**DATA FOR REVIEW**:
»»
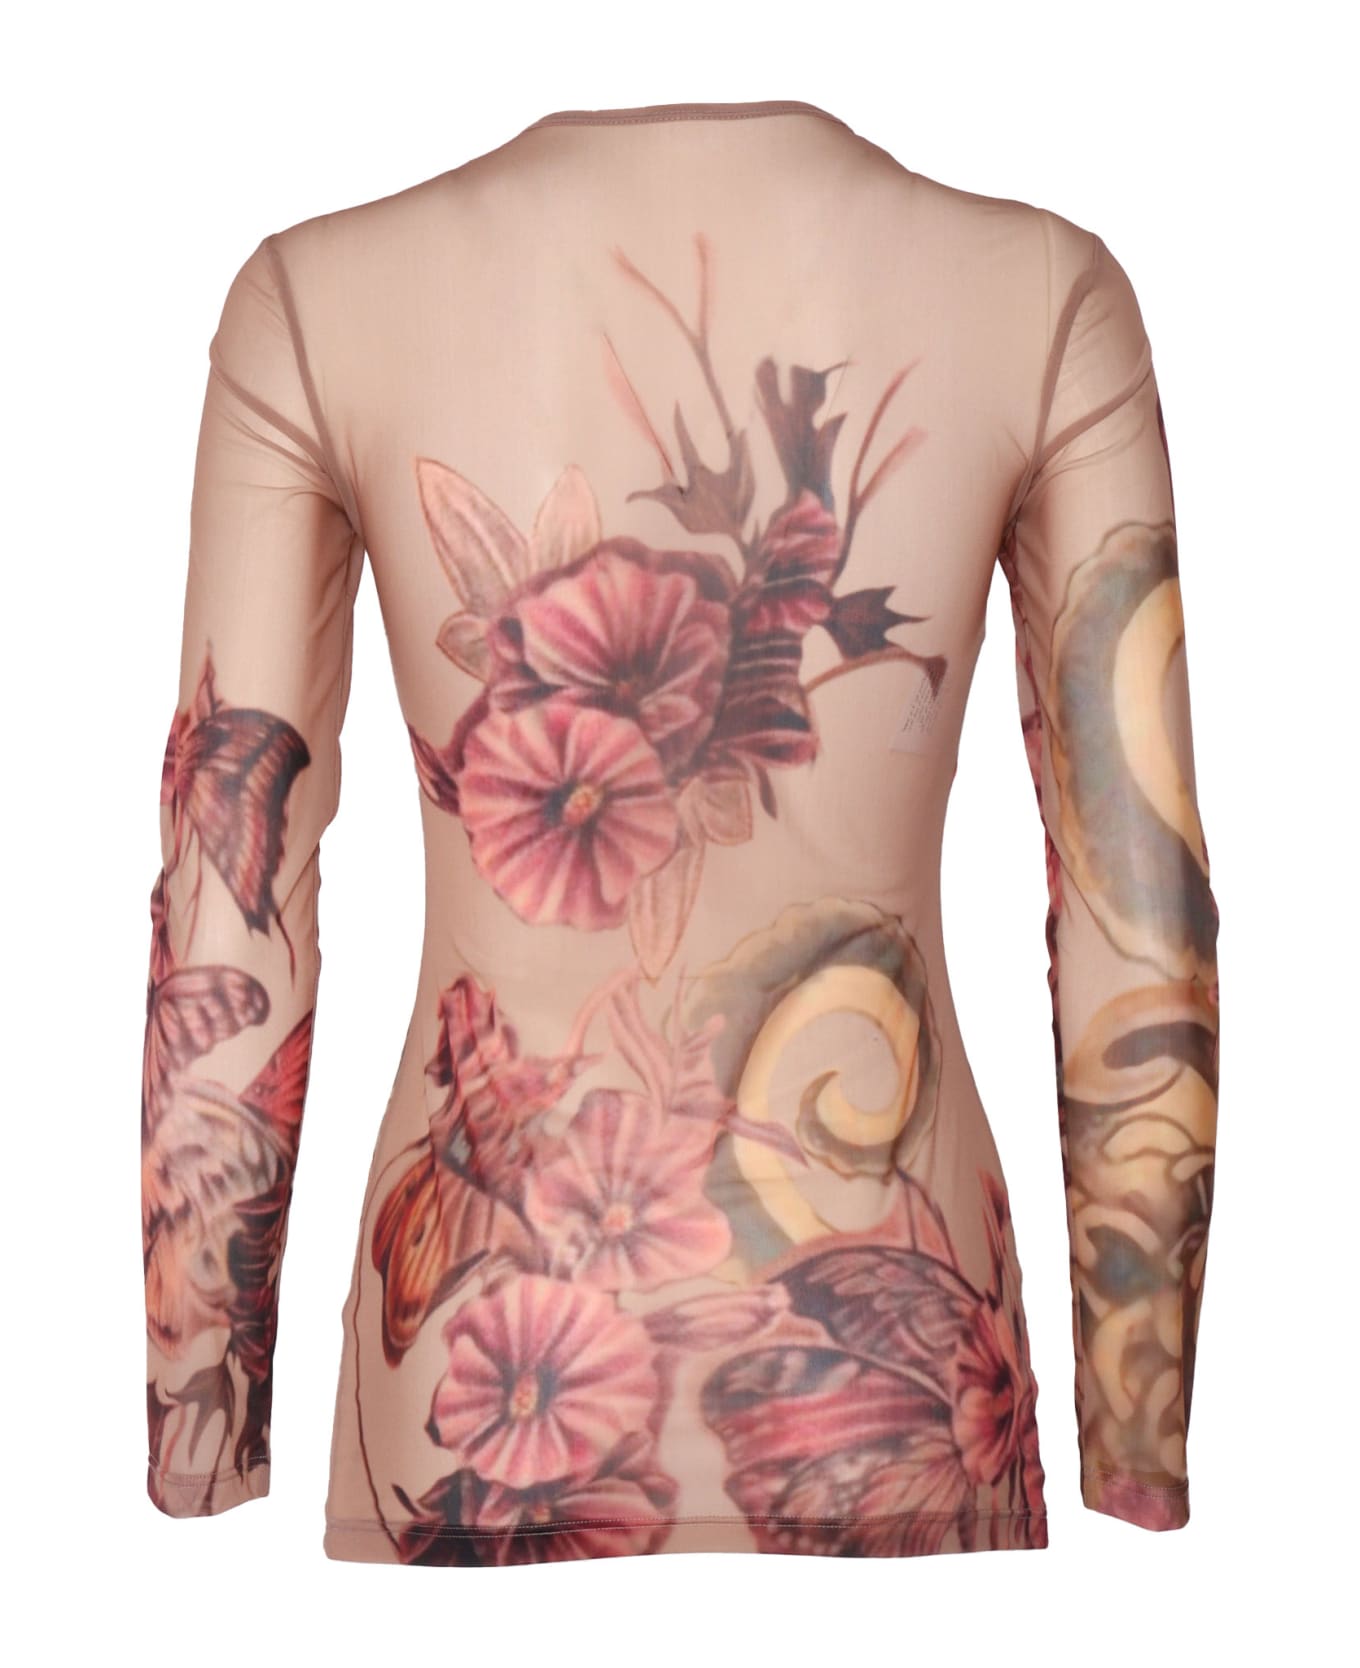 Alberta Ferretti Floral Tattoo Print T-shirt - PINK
««
»»
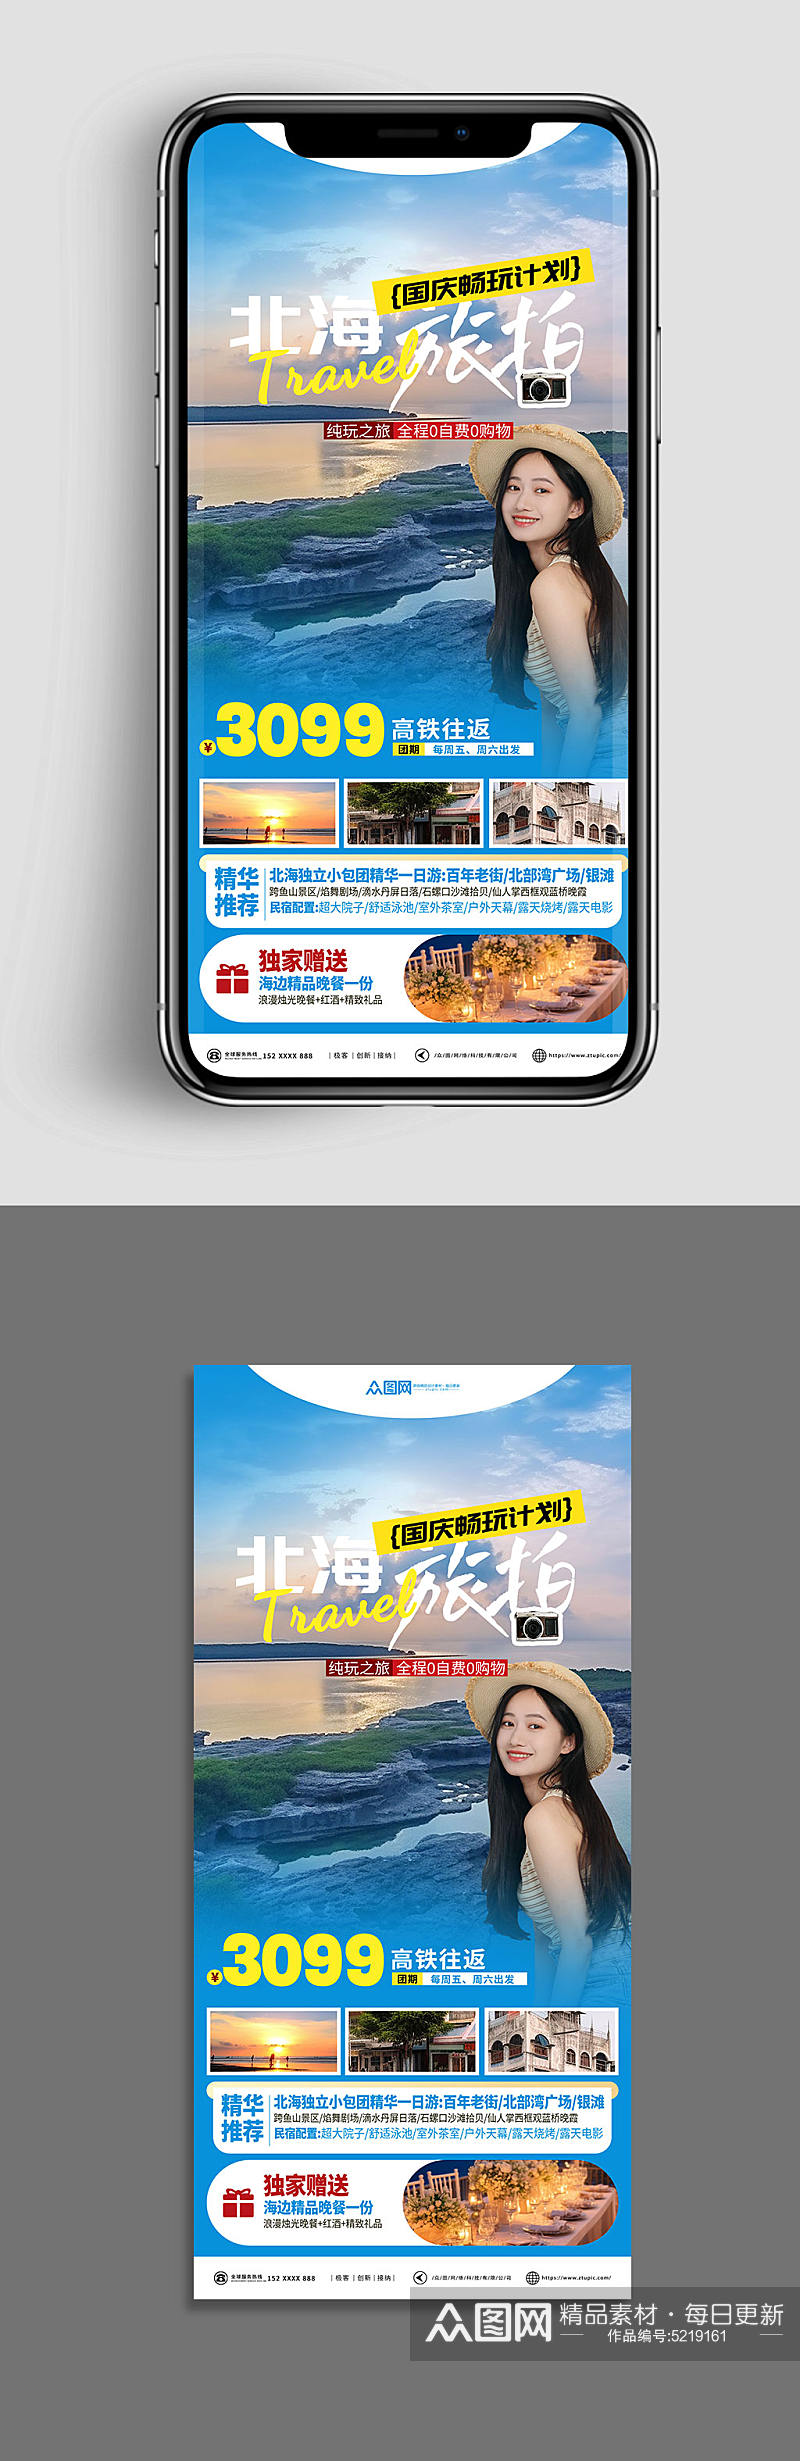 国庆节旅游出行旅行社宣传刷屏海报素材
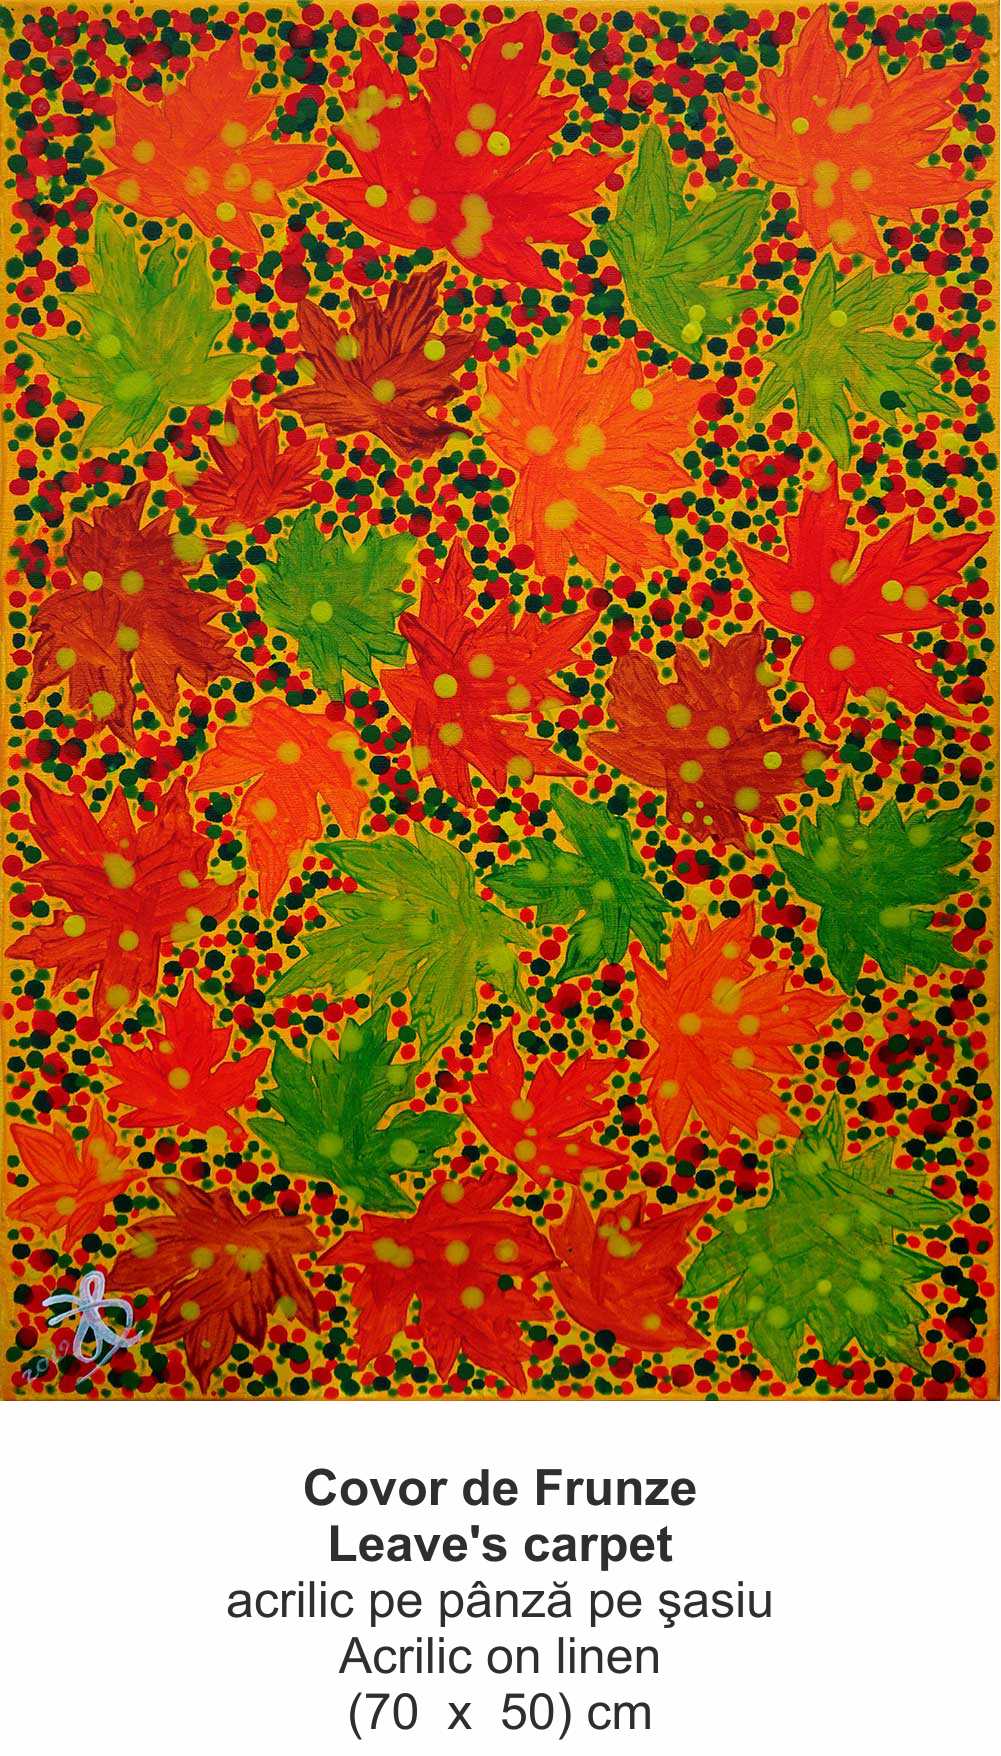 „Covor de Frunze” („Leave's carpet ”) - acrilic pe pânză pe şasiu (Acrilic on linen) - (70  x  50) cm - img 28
««
**EXERCISE BRIEF**: Only one part of the material above is wanted: the lines from the one with "国庆节旅游出行旅行社宣传刷屏海报素材" up to and including the one with "cm - img 28". Please copy them exactly, pictures left out.

**REPLY**:
 国庆节旅游出行旅行社宣传刷屏海报素材
 „Covor de Frunze” („Leave's carpet ”) - acrilic pe pânză pe şasiu (Acrilic on linen) - (70  x  50) cm - img 28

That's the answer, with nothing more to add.